Também no segundo dia, Fernando Alexandre, ministro da Educação, Ciência e Inovação salientou a importância da ciência, da inovação e da educação para a democracia e para a construção do futuro. "Temos de nos coordenar e de trabalhar em conjunto" afirmou, destacando que os problemas são muito complexos e as soluções nem sempre evidentes. "Muitas vezes, líderes populistas vendem soluções simples para essas questões - estão a enganar as pessoas. Essa foi em parte uma das razões que me levou a trocar a academia pela política."
As conferências serviram ainda de palco ao lançamento do novo instituto, o Digital Data Design Institute at Nova SBE and NOVA Medical School, dedicado ao estudo do impacto da IA e de tecnologias digitais ao serviço da sociedade, posicionando Portugal na vanguarda do desenvolvimento tecnológico global.

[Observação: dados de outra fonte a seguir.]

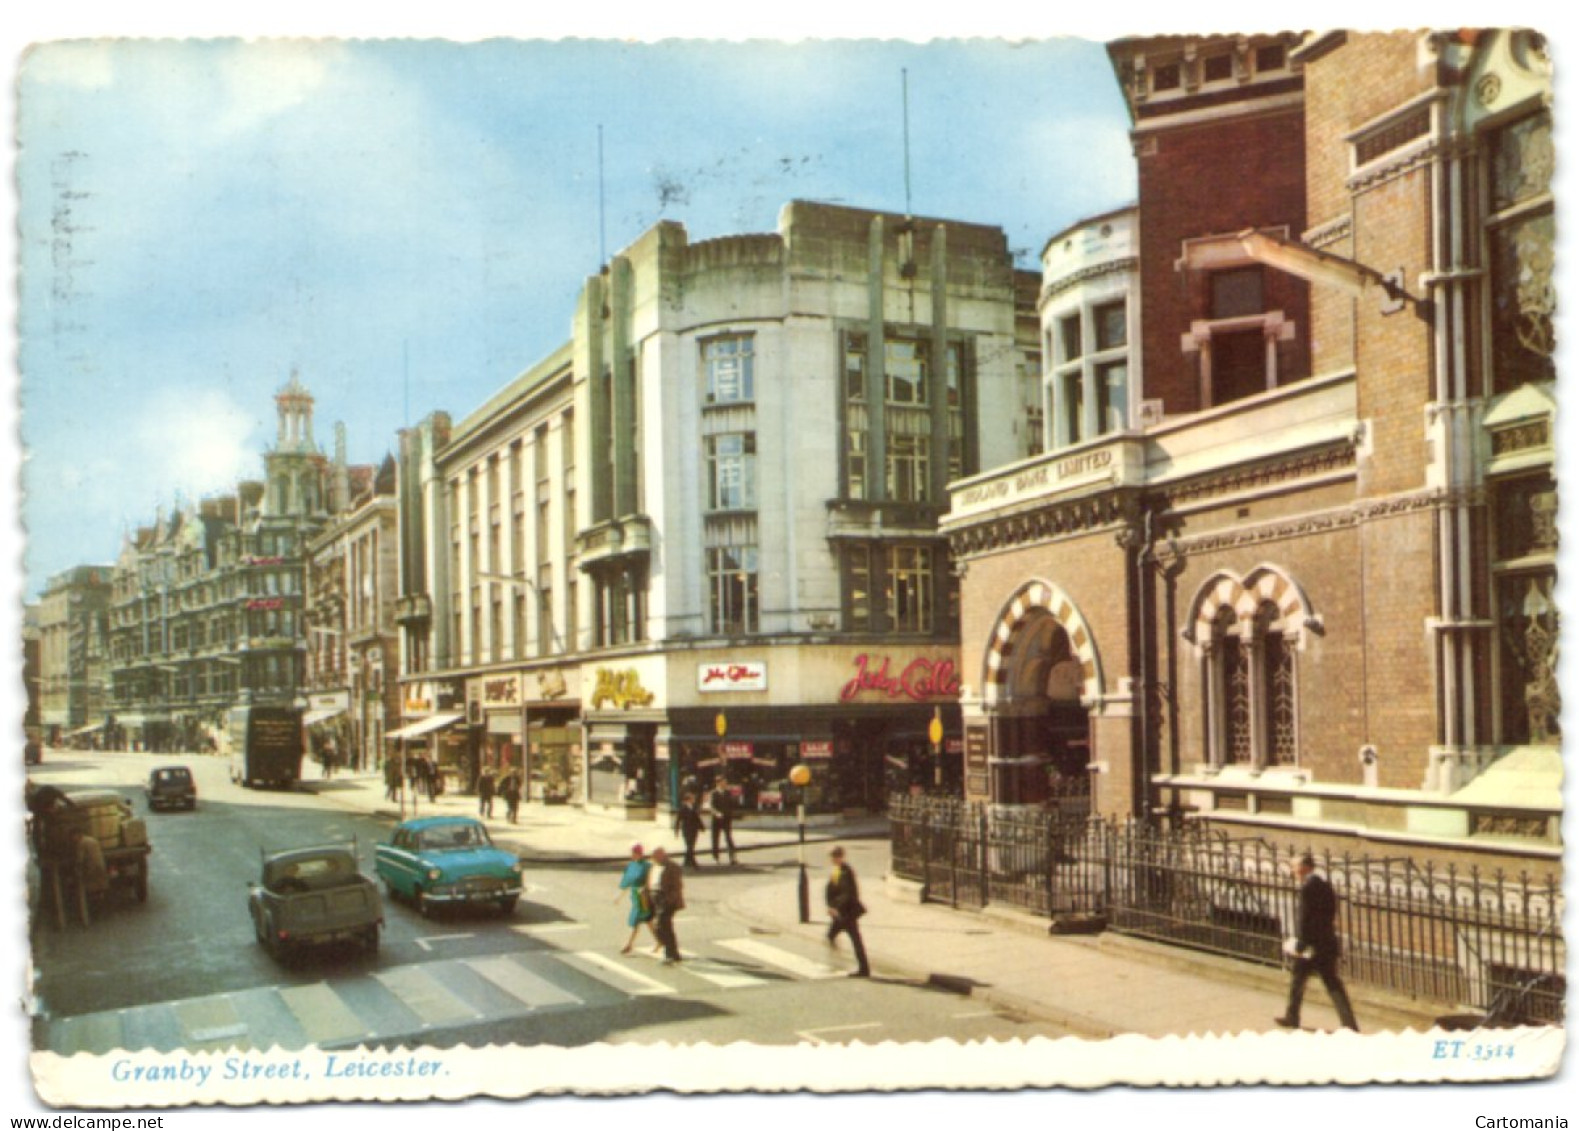 Leicester - Granby Street - Leicester
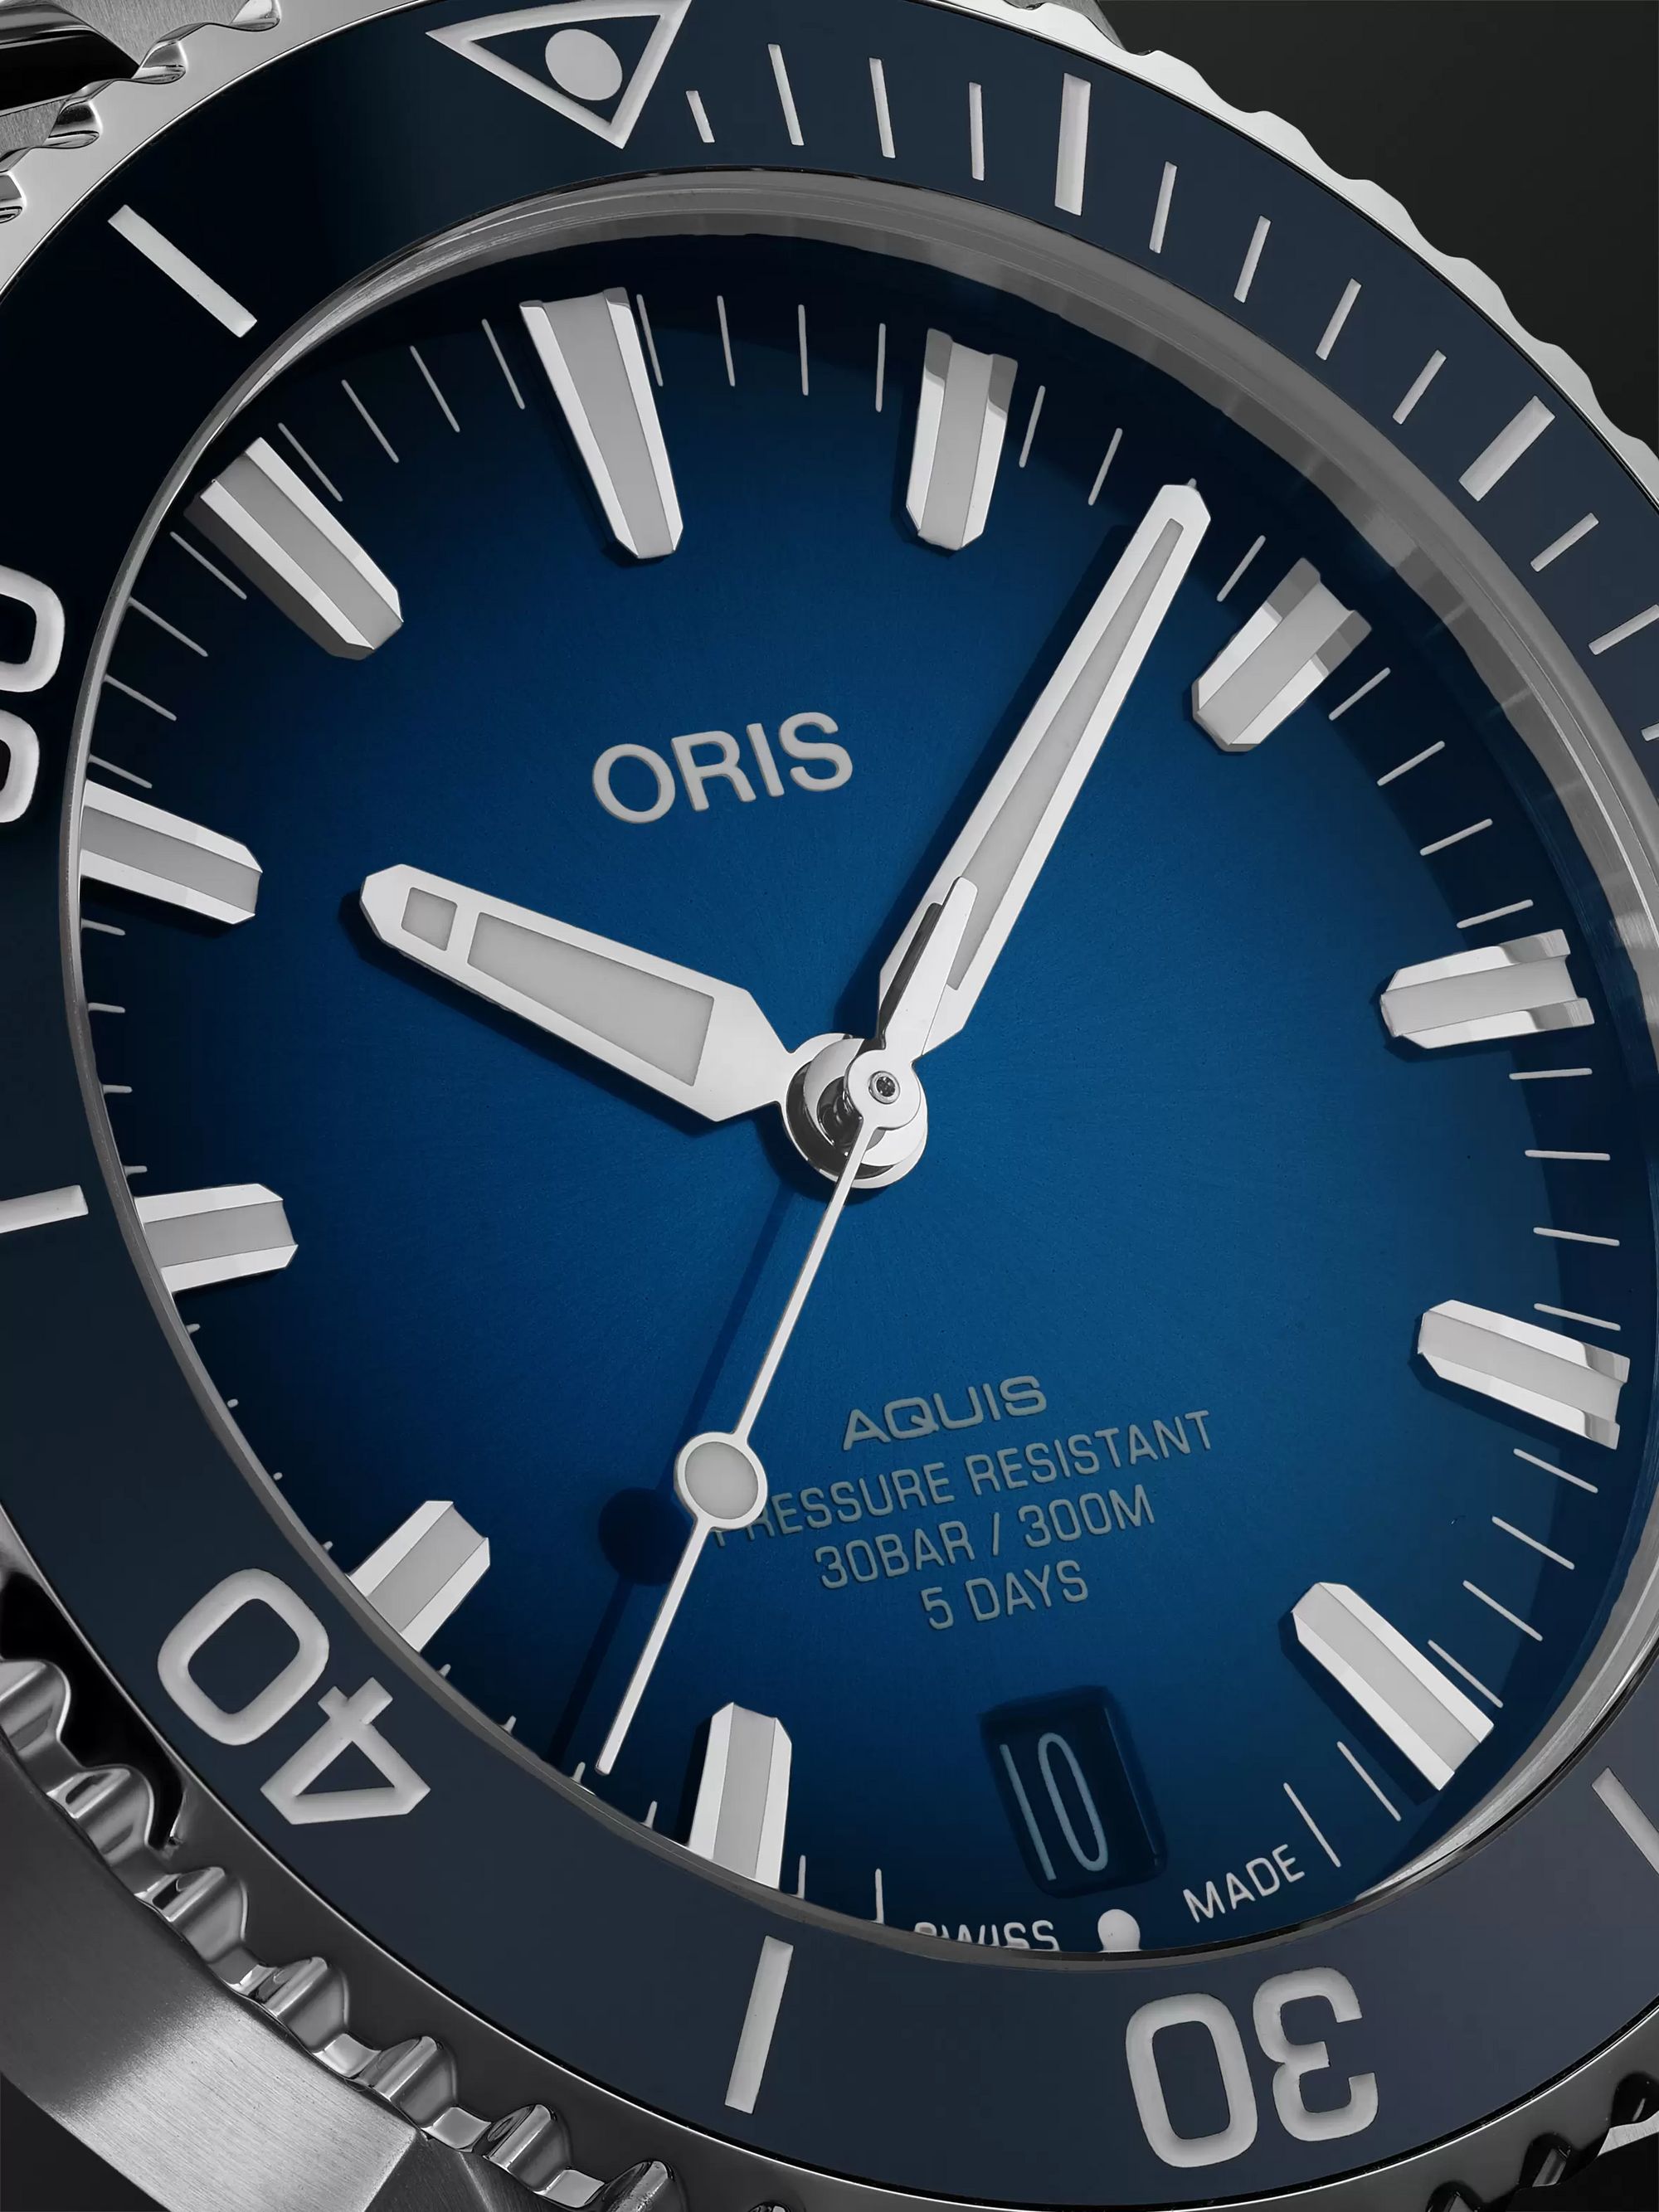 ORIS Aquis Date Calibre 400 Automatic 43.5mm Stainless Steel Watch, Ref. No. 01 400 7763 4135-07 8 24 09PEB

Esta iniciativa é um exemplo claro de como as universidades têm um papel fundamental de valorizar a ciência, criar e traduzir conhecimento e discutir as suas implicações éticas. Precisamos de formar os alunos para que não se sintam ameaçados pelas diferentes opiniões ou crenças dos outros, que sejam tolerantes com as diferenças que os tornam únicos, que sejam pacíficos e respeitosos, que sejam pacientes o suficiente para conquistar os outros através da persuasão e que compreendam que podem acrescentar valor e ter impacto real através da inovação e do empreendedorismo. Precisamos de encontrar espaços de diálogo em que o conhecimento e os cientistas baseados na investigação também estejam no centro do debate.